#### [Recorded information]
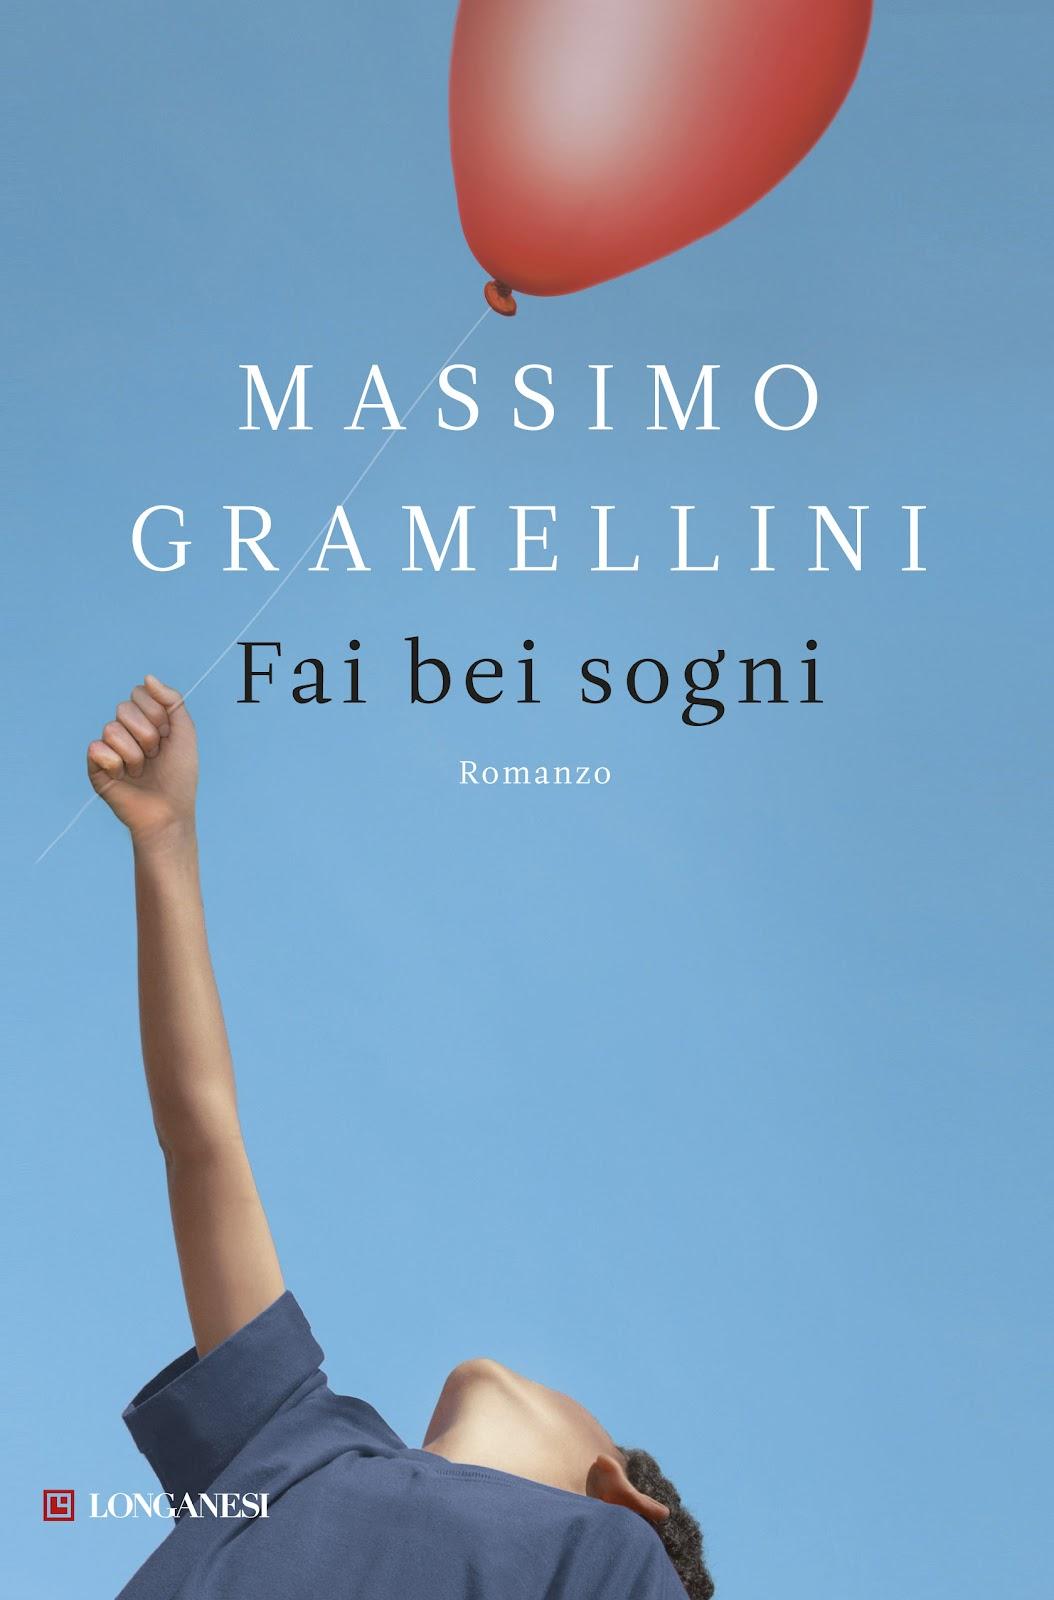 Fai bei sogni di Massimo Gramellini. Trama e recensione.
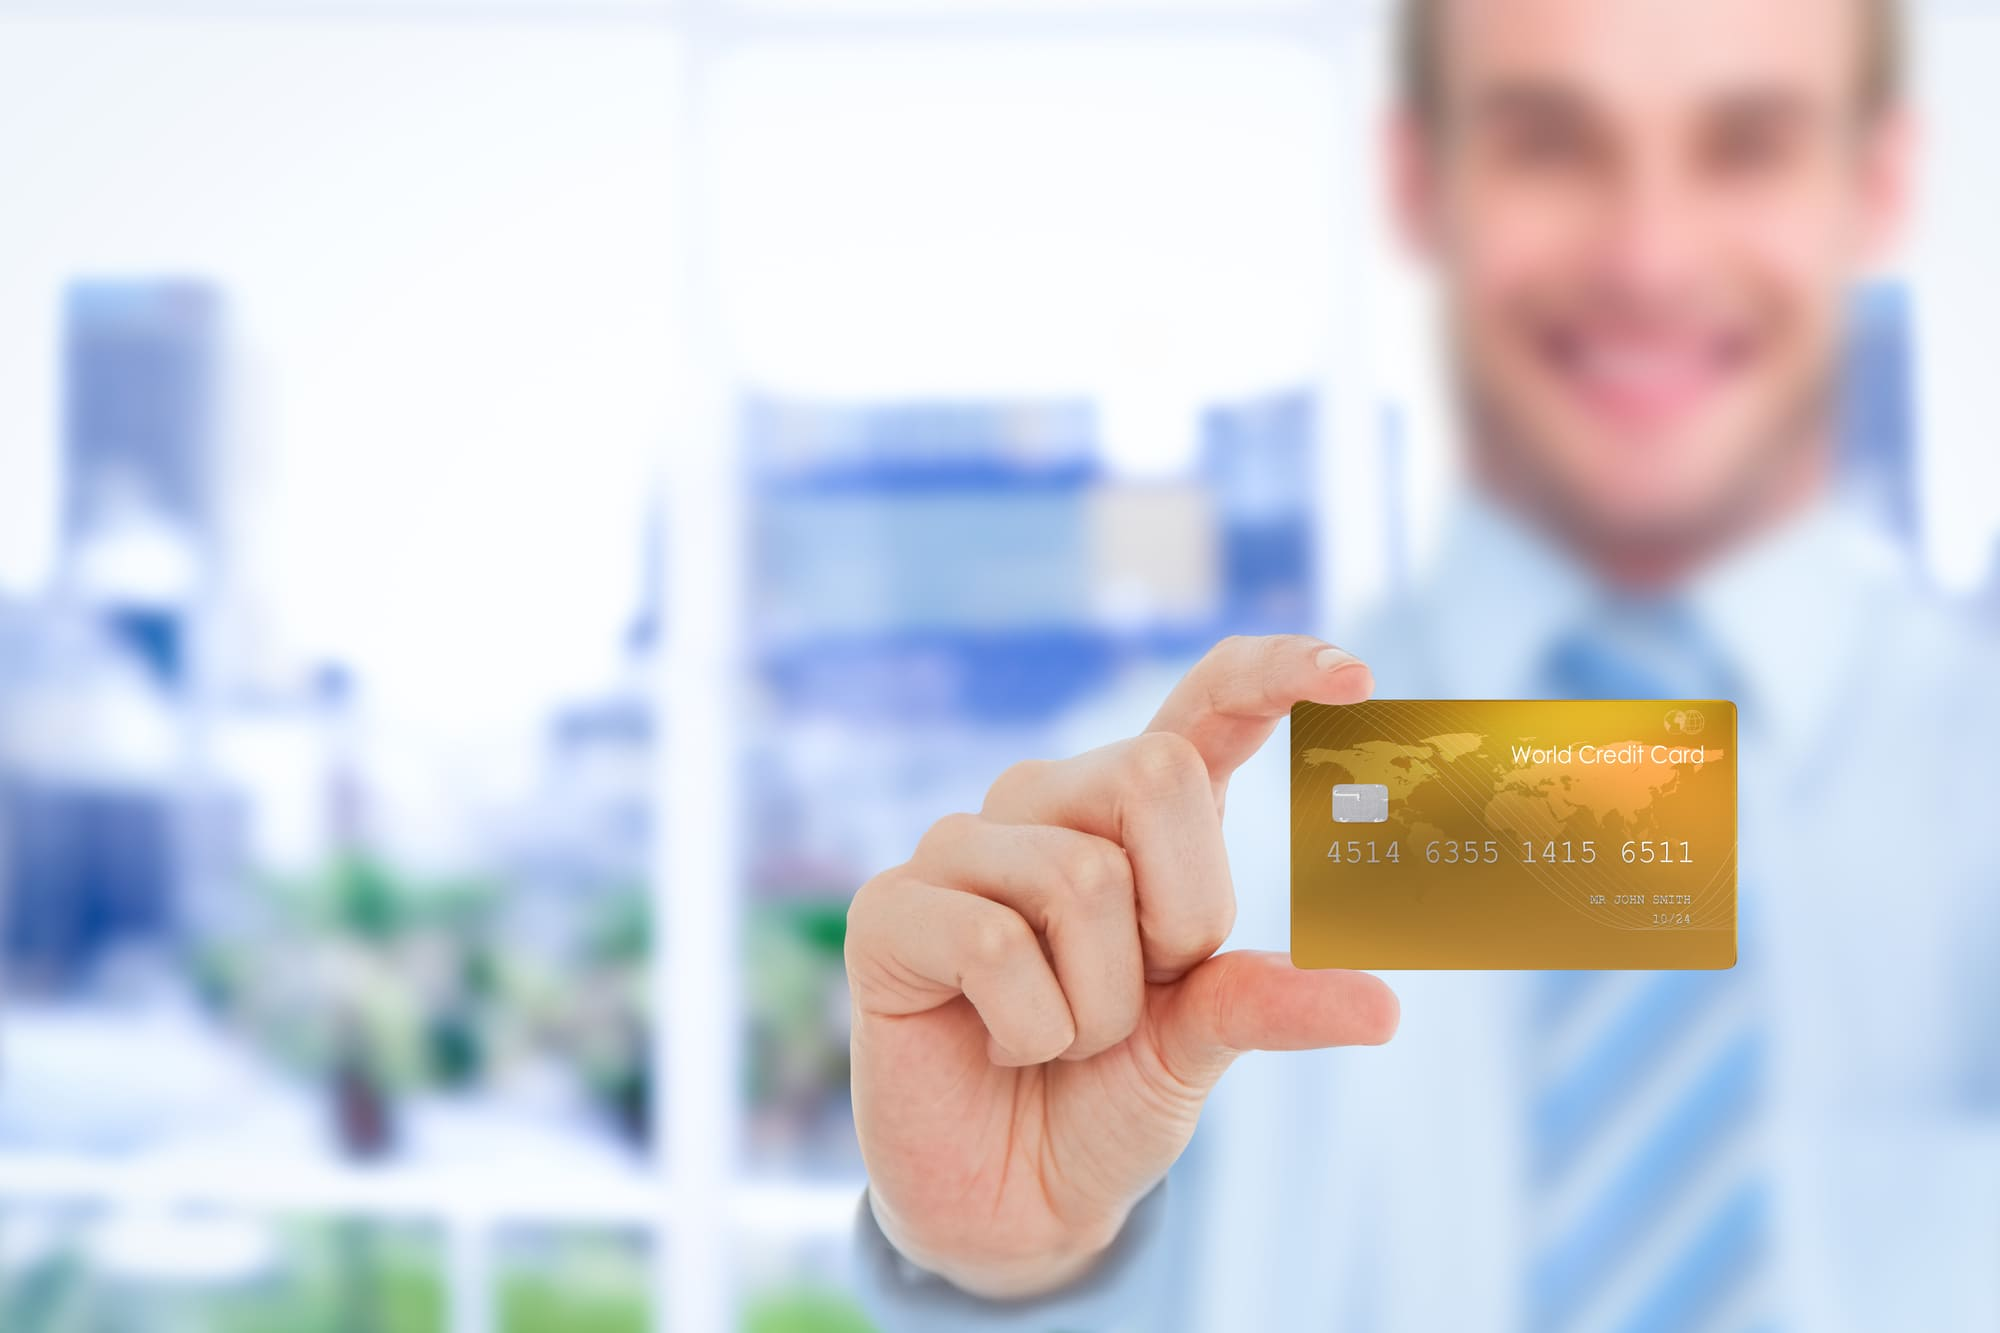 法人カードは即日発行できる? 早く欲しい人におすすめの法人カード3選
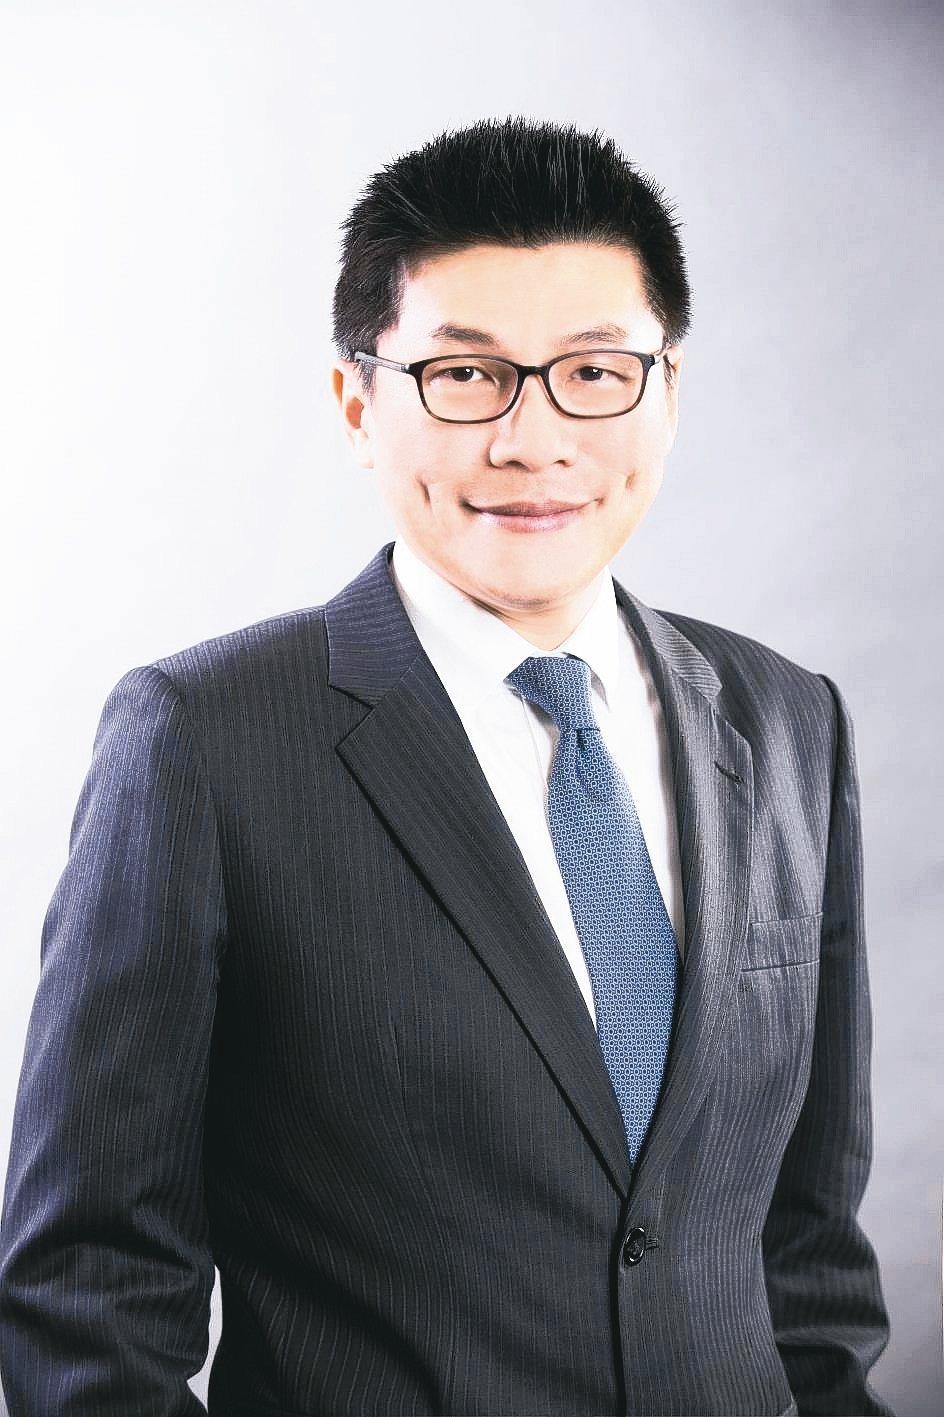 安聯投信投資長張惟閔。 圖/安聯投信提供

#### [Work instructions]
No pictures go in the copy. Set down all the data exactly.

#### [Output of the task]
 Fai bei sogni di Massimo Gramellini. Trama e recensione.
 法人カードは即日発行できる? 早く欲しい人におすすめの法人カード3選
 安聯投信投資長張惟閔。 圖/安聯投信提供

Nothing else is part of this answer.